▸ **Work task**:
Each line of the material must be repeated precisely, with the pictures left out.

▸ **Data section**:

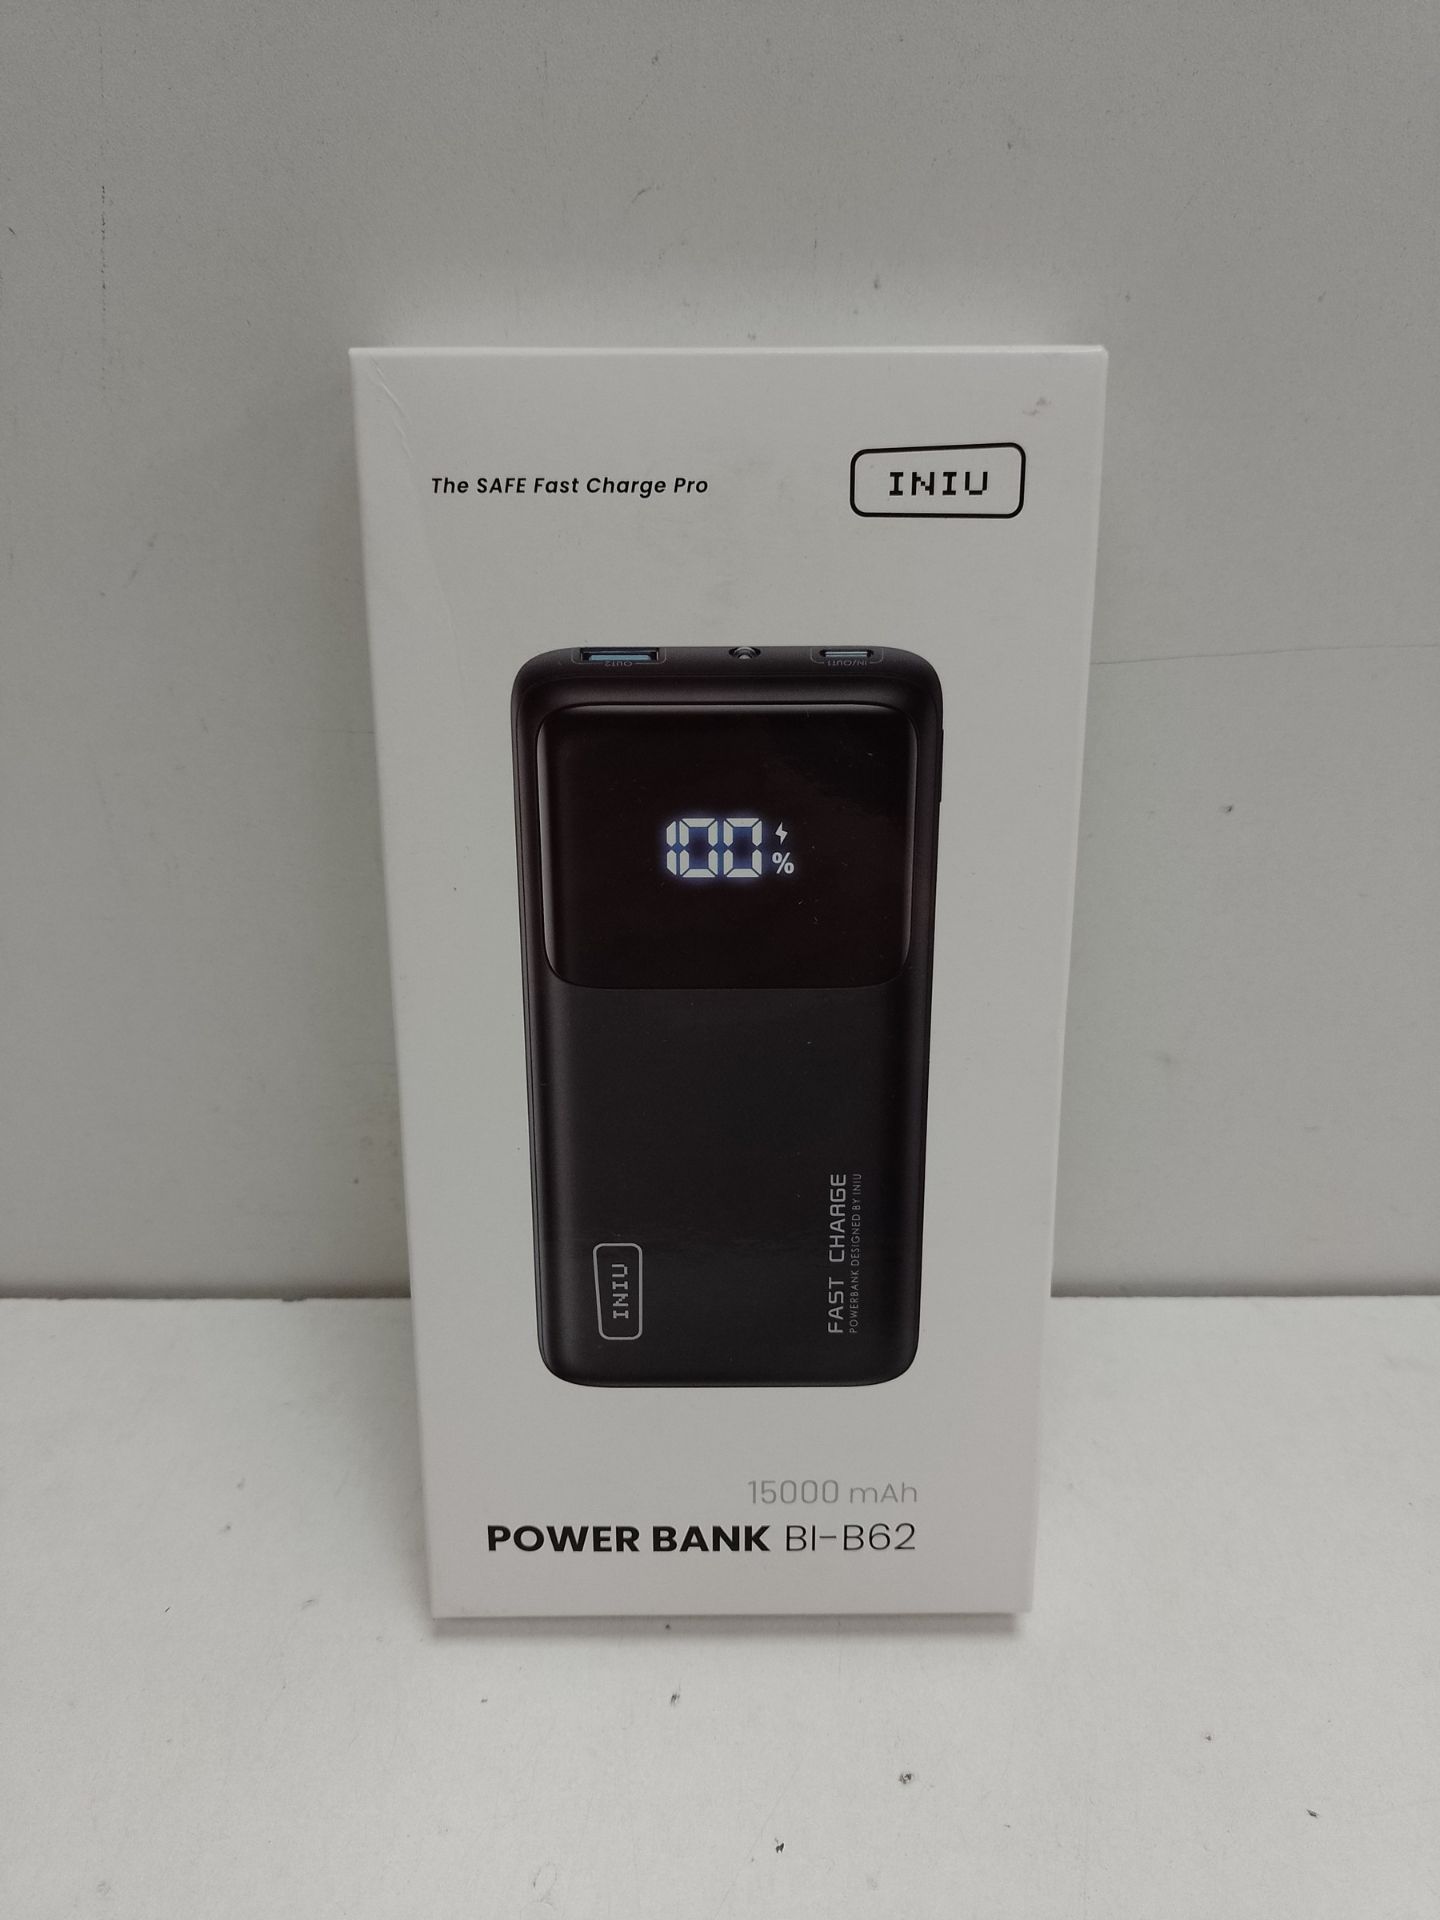 RRP £45.65 INIU Power Bank - Image 2 of 2
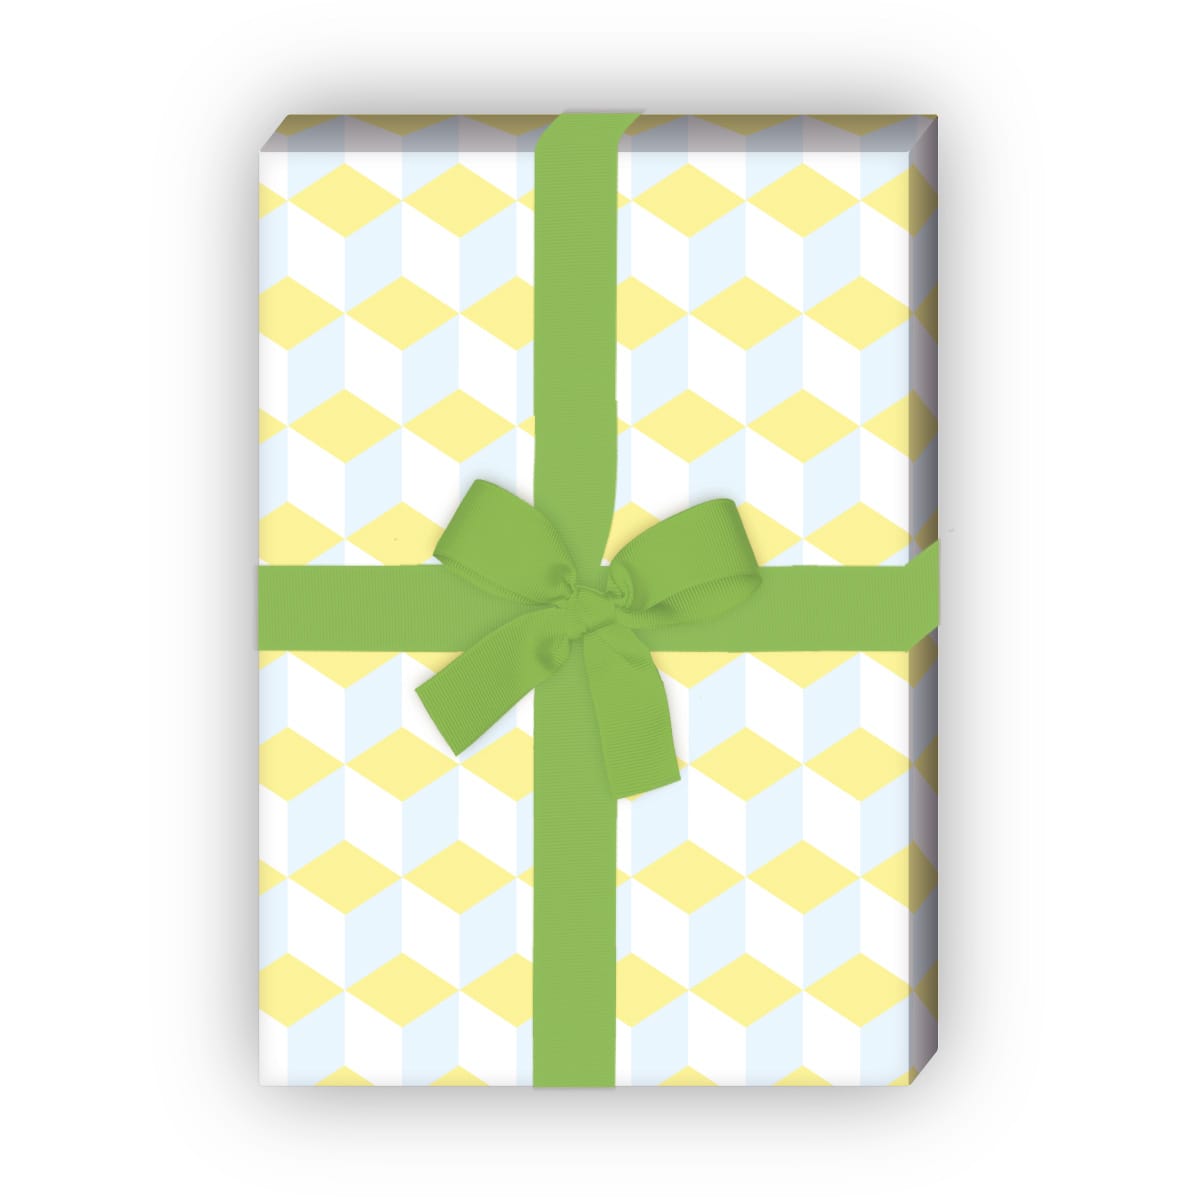 Kartenkaufrausch: Grafisches Designer Geschenkpapier im aus unserer Geburtstags Papeterie in gelb
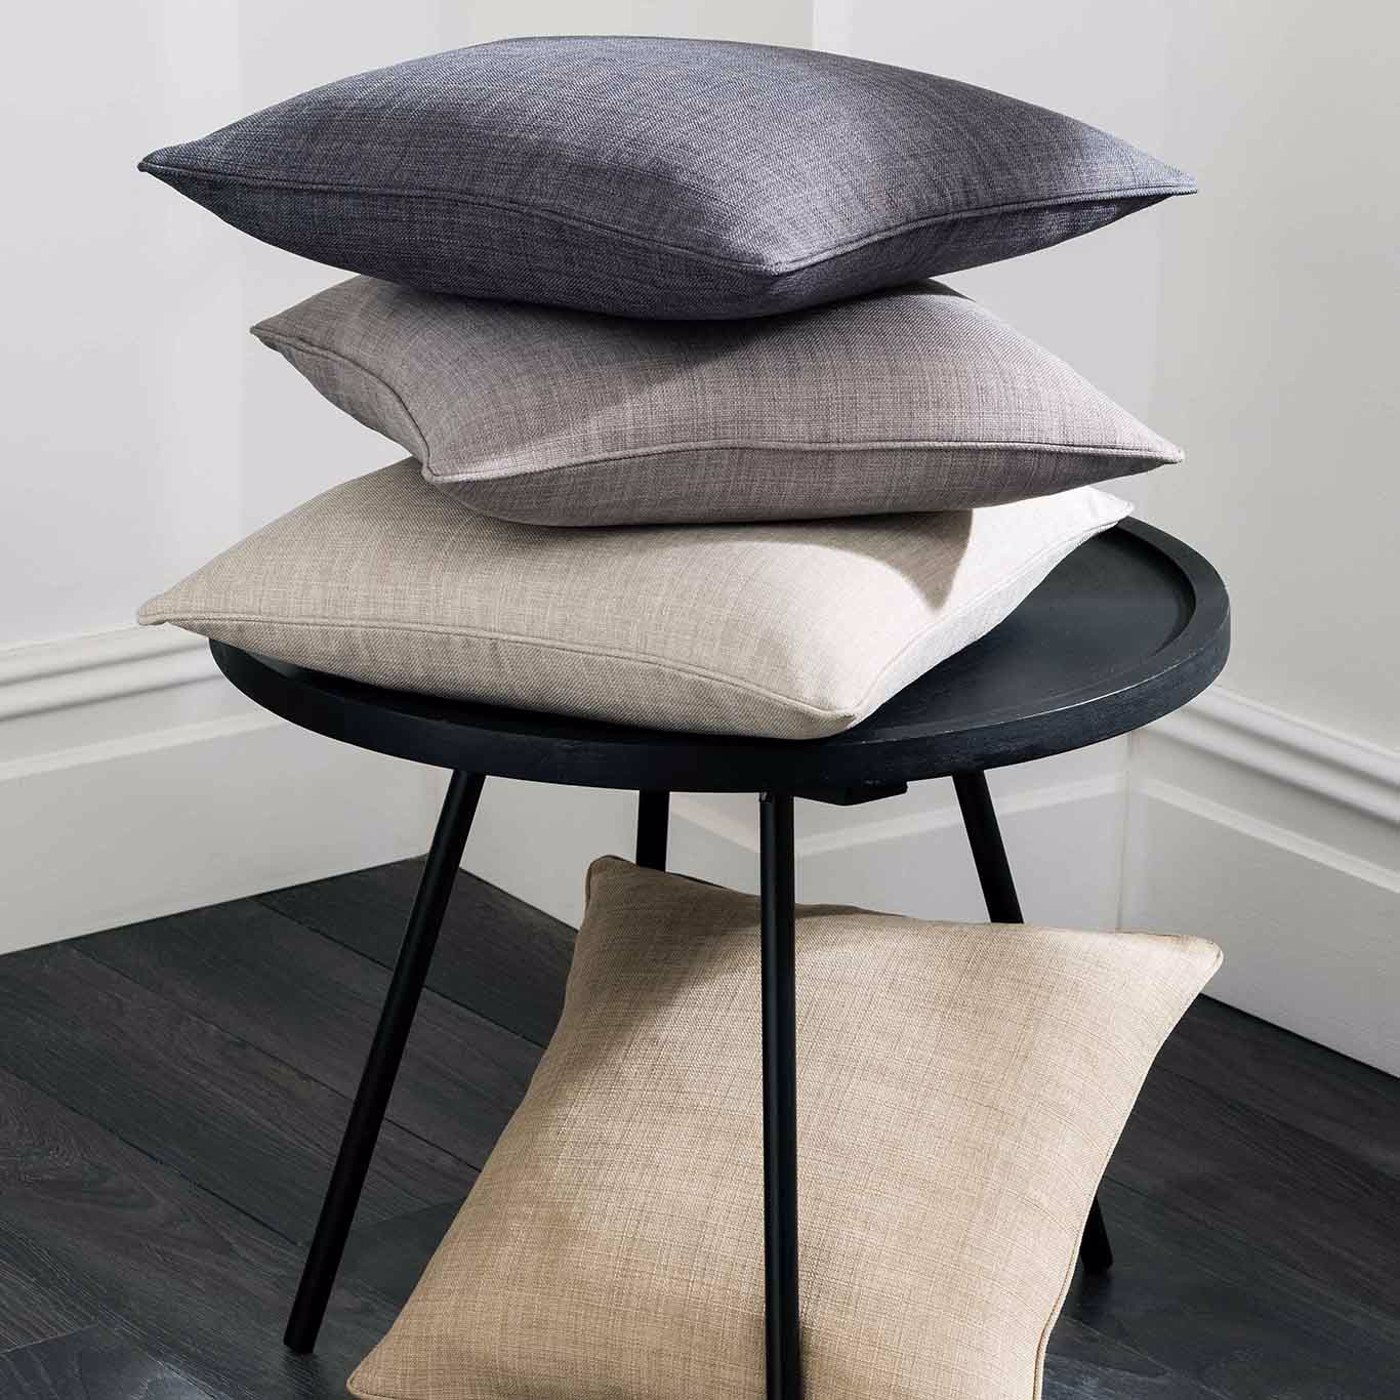 Elba Grey Cushions by STG

▸ **Exercise result**:
 RRP £45.65 INIU Power Bank - Image 2 of 2
 Kartenkaufrausch: Grafisches Designer Geschenkpapier im aus unserer Geburtstags Papeterie in gelb
 Elba Grey Cushions by STG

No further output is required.